À la présidentielle de 2002, Chirac se représente, bat Jospin et, au second tour, se retrouve face à Le Pen ; ce qui lui permet d’être réélu largement. Pendant 5 ans sera menée une politique libérale anti-salariéEs et anti-retraitéEs, ainsi que de répression dans les quartiers populaires.

Malgré cela, Chirac se présente de plus en plus en président jovial et bon enfant, « proche des Français ». Il affiche des préoccupations écologiques et a l’intelligence de s’opposer à l’invasion de l’Irak par les États-Unis et leurs alliés. En 2007, il est temps pour la girouette, qui posait de plus en plus en « vieux sage », de quitter la scène.
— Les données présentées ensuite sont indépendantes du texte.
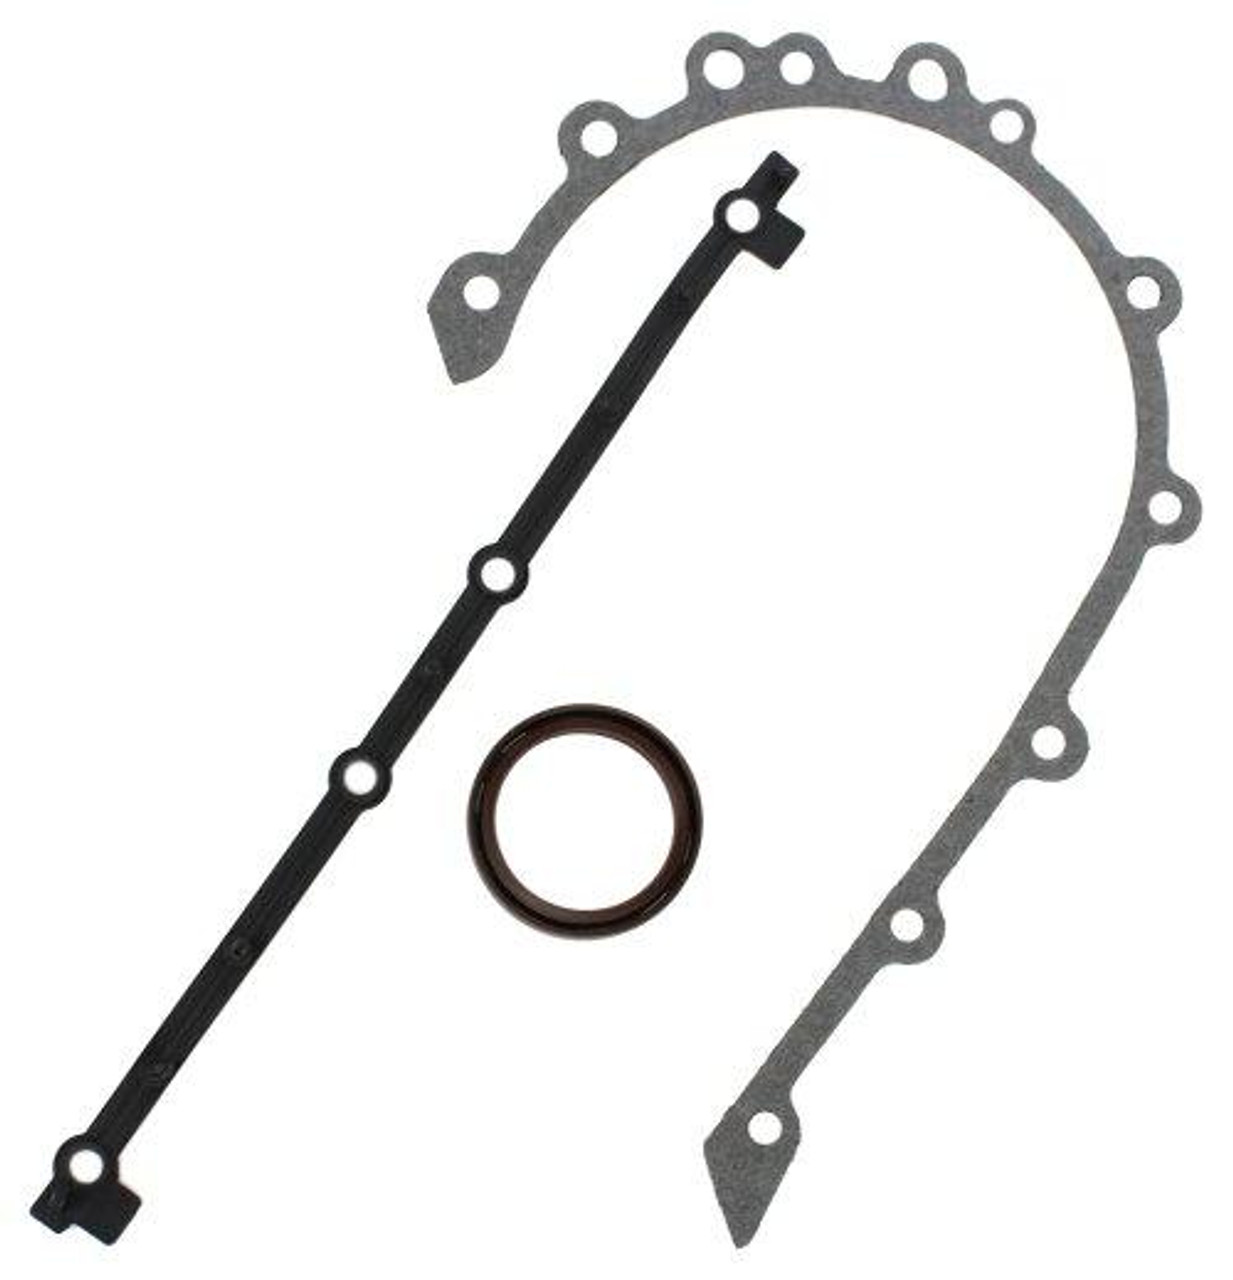 Timing Cover Gasket Set - 1986 Jeep Grand Wagoneer 4.2L Engine Parts # TC1122ZE51

Dans son bilan final, la dénonciation du rôle de l’Etat français dans la déportation des Juifs (dénonciation à laquelle s’était refusé Mitterrand) ne compense pas ses déclarations et ses politiques anti-immigréEs, la répression policière en 1986, qui causa la mort de Malik Oussekine, les éliminations d’indépendantistes kanaks, les politiques anti-ouvrières, la Françafrique…

Celui qui se vantait, alors qu’il était jeune secrétaire d’État à l’emploi, de s’être rendu avec un revolver à une rencontre en mai 1968 avec la CGT, aura été tout au long de sa carrière un fidèle serviteur de la bourgeoisie française et de sa propre personne.